When interpreting precedent on the federal appeals court Alito had voted both to uphold and to strike down abortion restrictions.

When the Thornburgh case reached the Supreme Court, Schmidt noted, O’Connor wrote a dissenting opinion that also questioned the lower court decisions. The majority opinion, written by retired Justice Harry Blackmun, upheld the lower court decisions.

In a statement, Sen. Arlen Specter, R-Pa., a Republican supporter of abortion rights who is chairman of the Judiciary Committee, said he held out the possibility that subsequent precedents might alter Alito’s view of the issues. “Many times the Supreme Court has decided the issue,” Specter said, singling out the 1992 case of Planned Parenthood v. Casey.

But Sen. Charles E. Schumer, D-N.Y., on the Judiciary Committee, said, “Maybe at the hearings he can dispel this, but the more you learn the more he seems to have something of an agenda.” Alito, for his part, also turned in his answers Wednesday to a Senate judicial questionnaire. In response to a query about “judicial activism,” Alito argued that the Supreme Court has a special responsibility for “self-questioning” because neither of the elected branches of government can provide a check on its role in interpreting the law.

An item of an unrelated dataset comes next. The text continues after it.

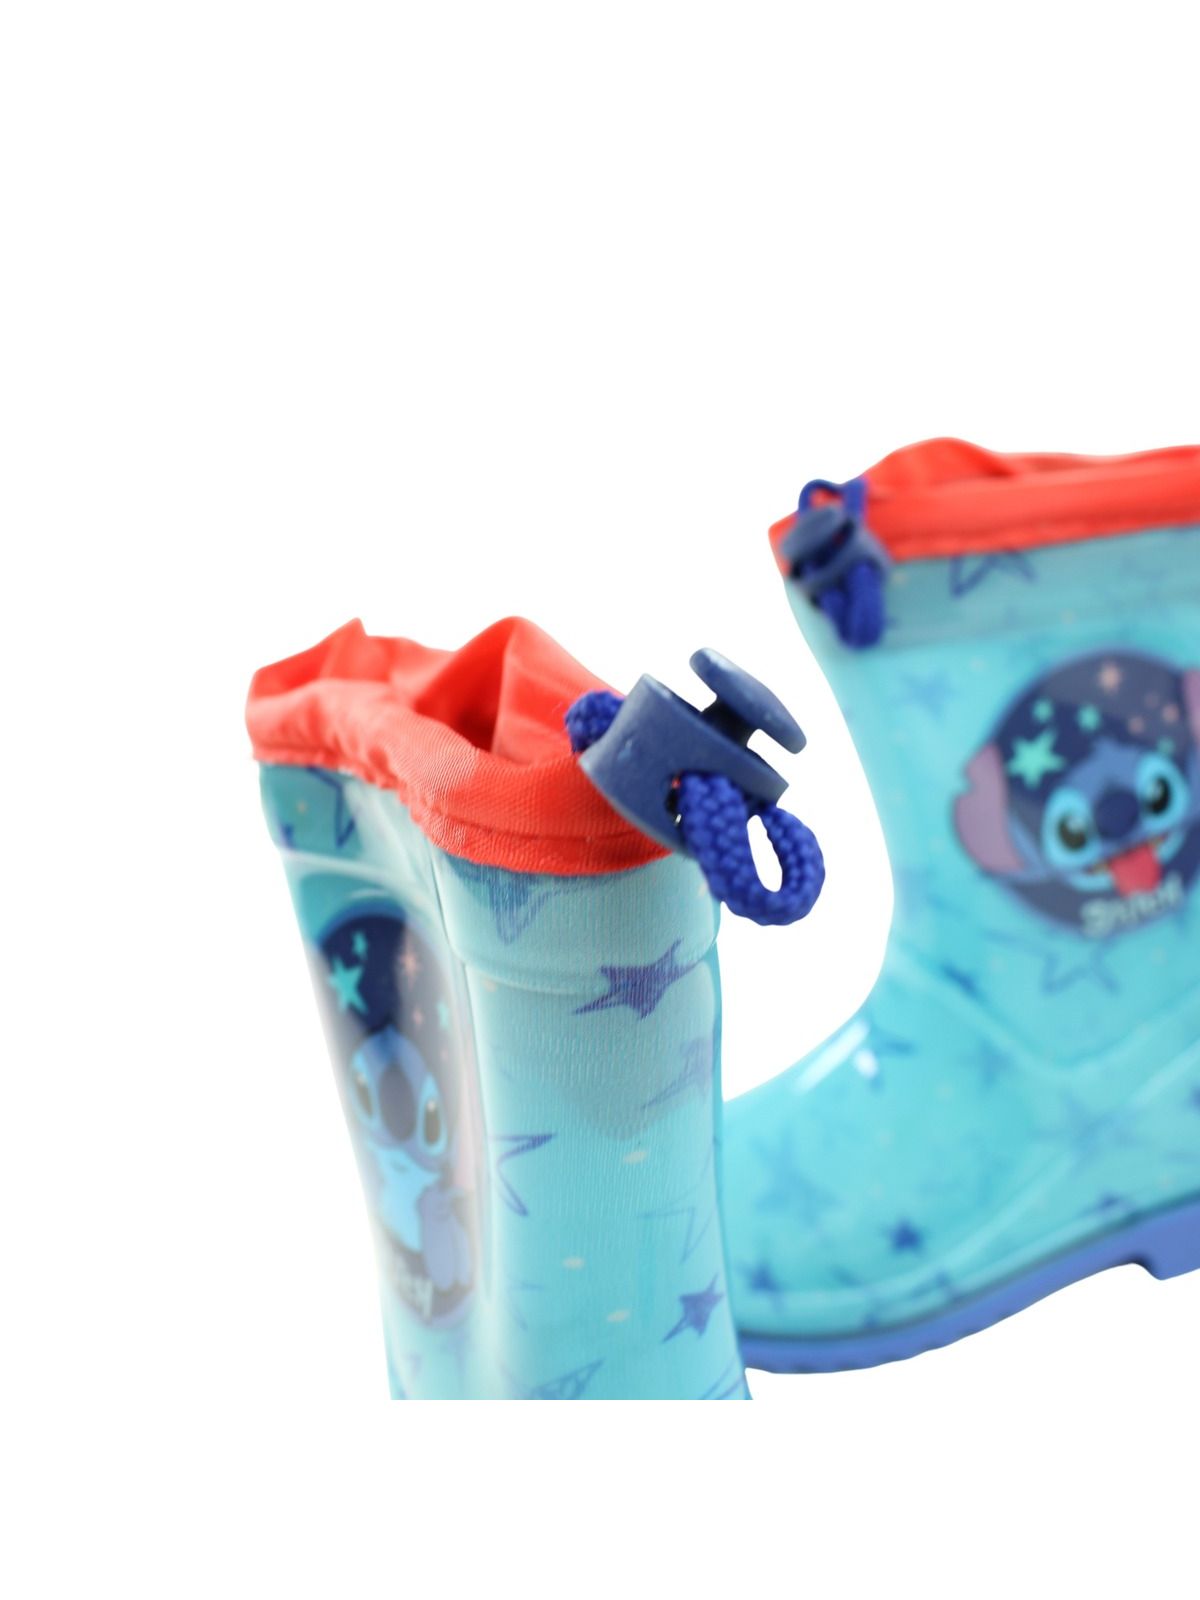 Lilo Stitch Rain boot

“Judges must be appropriately modest in their estimation of their own abilities; they must respect the judgments reached by their predecessors; and they must be sensibly cautious about the scope of their decisions,” Alito wrote. “And judges should do all these things without shirking their duty to say what the law is and to carry out their proper role with energy and independence.” Listing his memberships in clubs or other organizations, Alito wrote that recent disclosures reflected that in the mid-1980s he belonged to Concerned Alumni of Princeton, a group that initially opposed the admission of women and later opposed affirmative action at the school. But he added, “I have no recollection of being a member, of attending meetings, or otherwise participating in the activities of the group.” Alito also listed the cases from which he had recused himself as a federal appeals court judge, including many involving the mutual fund company Vanguard. During his 1990 hearings for confirmation to the 3rd Circuit, Alito told the Senate Judiciary Committee he would recuse himself from any cases involving Vanguard, a mutual fund company that holds some of his investments.

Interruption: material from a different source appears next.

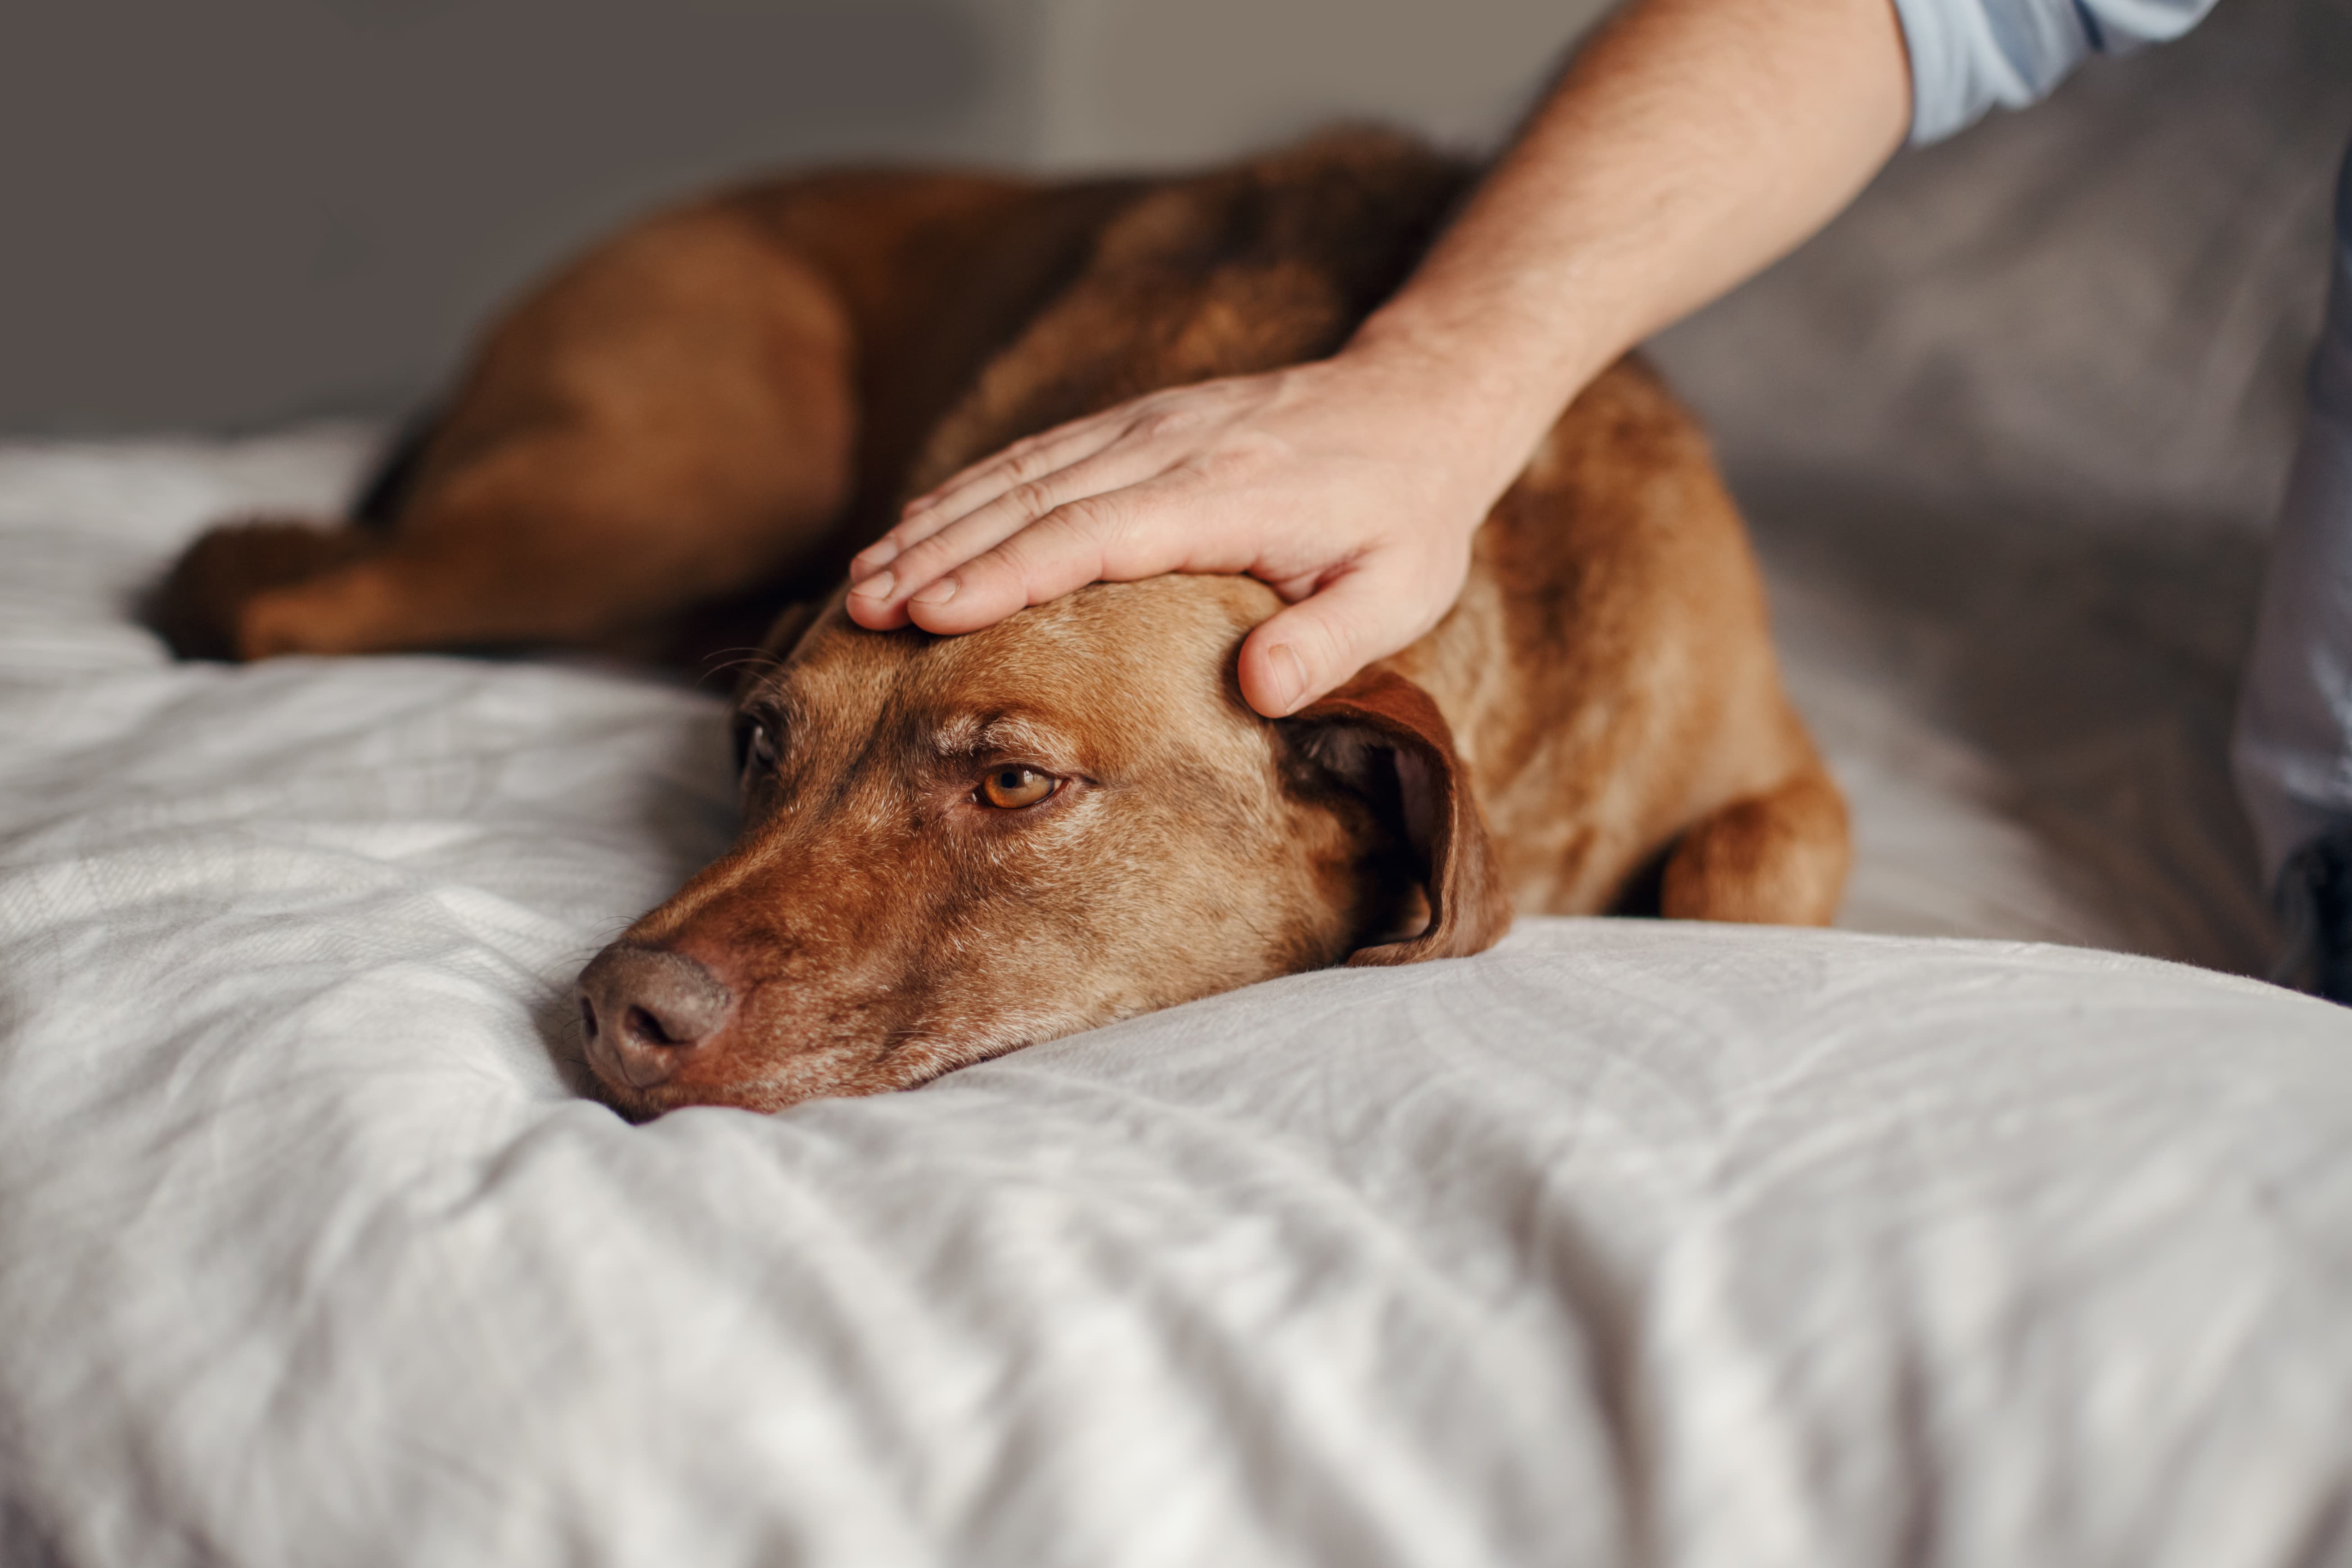 Imagem de um cachorro marrom deitado sobre uma cama, com a cabeça abaixada e seu tutor com uma mão sobre sua cabeça.

In 2002, Alito sat in judgment of a case involving Vanguard and stepped aside only after a party to the case objected; Democrats have questioned his initial explanation that a computer glitch accounted for the lapse. He later sent Specter a letter arguing that his initial pledge covered only his first years on the court and noting that ethics guidelines did not require him to recuse himself from a case involving such a fund company. His answers to his questionnaire, however, indicate that he continued to recuse himself from cases involving Vanguard throughout his time on the court.

Democrats seized on Alito’s 1985 memorandum about the abortion cases to argue that the administration should disclose more documents from his work in the Reagan administration solicitor general’s office. The Bush administration has so far maintained that disclosing such documents would compromise the confidentiality of White House deliberations.

Schmidt, the White House spokesman, said the administration was not changing that policy. He said that Alito’s memorandum to the solicitor general that was disclosed Wednesday had ended up in the files of other Justice Department officials and been transferred to the National Archives during the Clinton administration.